In preparation for the United States’ 1976 Bicentennial, Ruth Braddock chaired the Book Committee for the Miami Chapter of AAUW (American Association of University Women) for the purpose of researching, writing and publishing Miami’s first women’s history book. It took seven years to complete the first book, Julia’s Daughters: Women in Dade’s History, 1513 to 1975. Two decades later a second book was published, Beyond Julia’s Daughters: Women in Miami-Dade History, 1975-2000. A third book is planned.
An adjunct professor at Florida Atlantic University, Braddock supervised pre-service teachers. She was legislative chair of the Howard Drive Elementary School Parent Teacher Association, Dade County Social Studies Council member, chair of Dade County Community Schools and a Phi Delta Kappa International, Delta Kappa Gamma-Omicron.
As president of AAUW’s Miami Branch from 1969-71, Braddock established a Seeds of Culture series at Florida Memorial College, the historically black university that relocated to Miami Gardens. She spent hours collecting and hauling books to the college library in her family’s station wagon. As a result of her efforts, over 13,000 books were donated.
According to Beverly Nixon, the first black president of the Miami branch from 1985-87, AAUW’s centerpiece Educational Foundation Program gift was named to honor Ruth Braddock.
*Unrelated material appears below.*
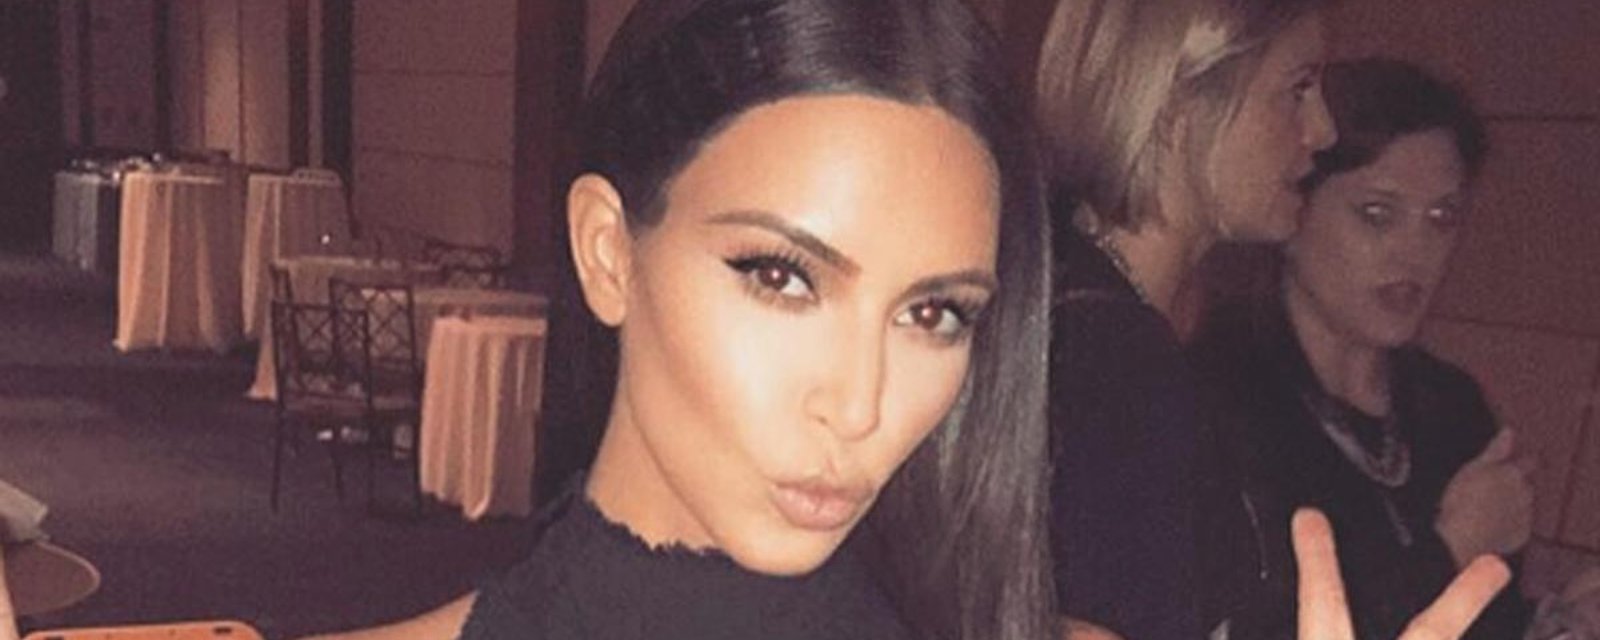 Kim Kardashian publie une nouvelle photo très osée qui fait beaucoup jaser!!!

The purpose of this gift is to encourage women to gain advanced training and knowledge for academic or professional careers.
Ruth’s interest in racial issues was reflected in her master’s thesis, “Assimilation and Accommodation of the West Indian Negro and the American Negro.” In the early 1960s during severe racial tension in Homestead, the publisher of the South Dade News Leader challenged the willingness of any school board member’s wife to walk alone through the all-black area of West Perrine.
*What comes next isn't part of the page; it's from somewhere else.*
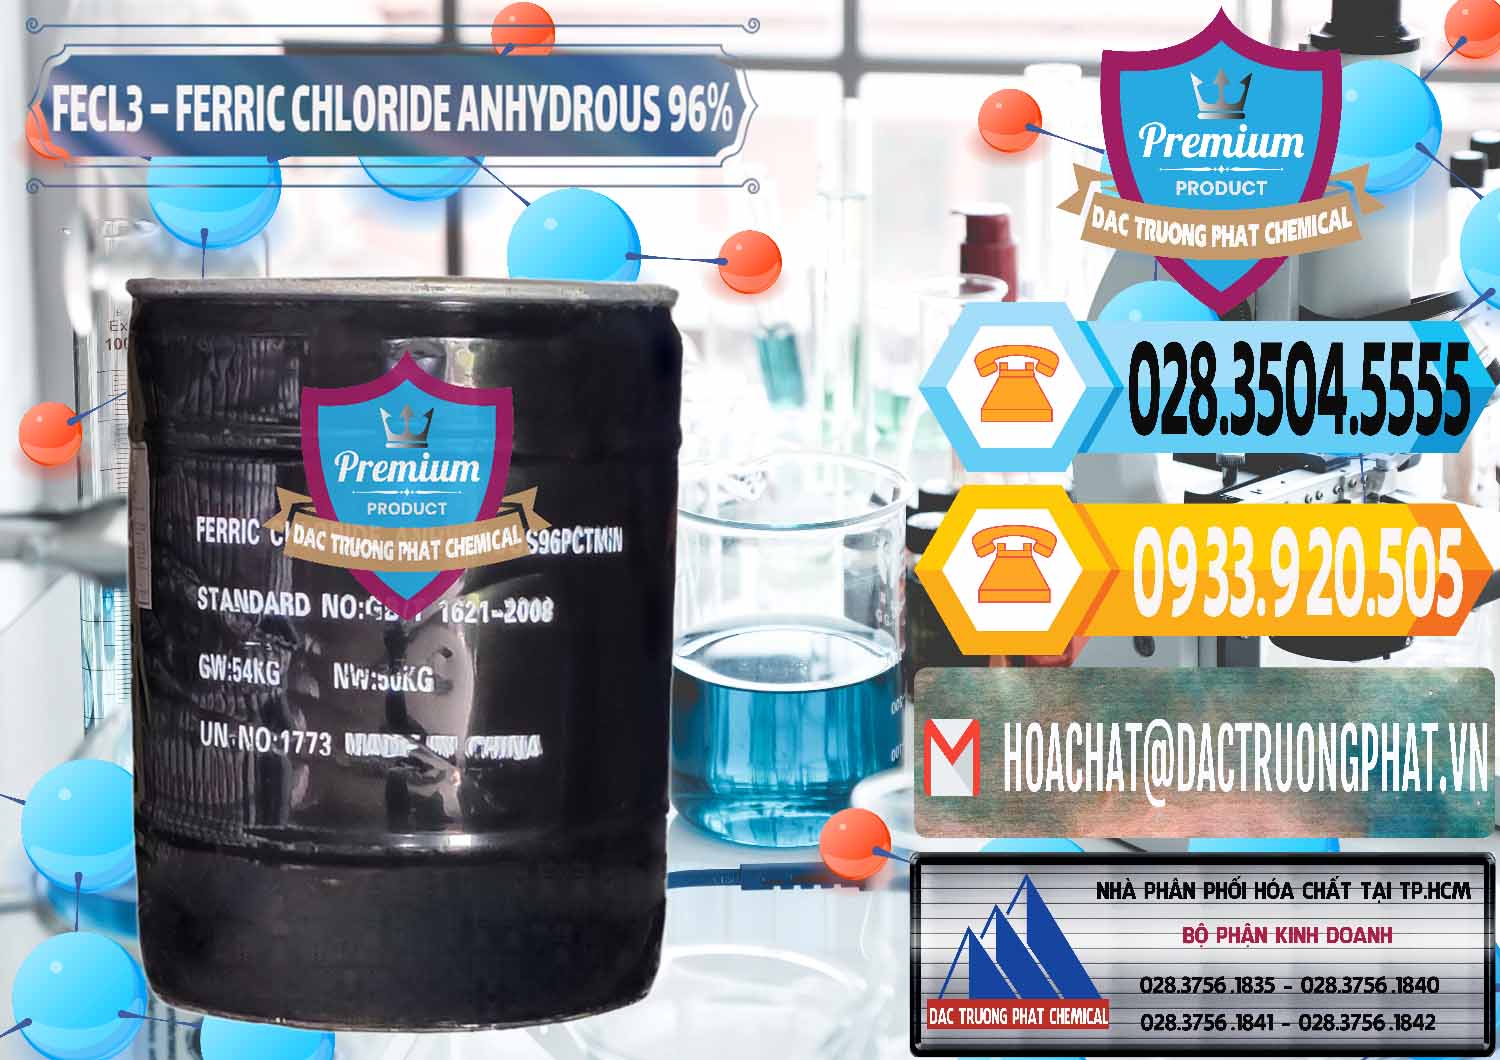 Nơi kinh doanh và bán FECL3 – Ferric Chloride Anhydrous 96% Trung Quốc China - 0065 - Cty nhập khẩu _ phân phối hóa chất tại TP.HCM - hoachattayrua.net

Ruth Braddock accepted the challenge and walked through the neighborhood helping to alleviate some of the fears about integration. There was no incident. Her continued concern for cultural diversity included memberships in the Council of International Visitors and the United Nations Association.
She is a founding officer of the Women’s Chamber of Commerce, a member of the National Women’s Political Caucus, Parent Teacher Student Association, Third Century, U.S.A., University of Miami Alumni Association, YWCA, the League of Women Voters, History Miami, the Natives of Dade/Miami Pioneers and the Grey Panthers. She headed a geriatric study for the Mental Health Association, continues as a long-term care insurance specialist, and is a member of Old Cutler Presbyterian Church.
Names and faces not to be forgotten, Ruth Shack and Ruth Braddock, are examples of pioneer change agents. They have done so much, for so many, for so long; and it is noted they continue giving.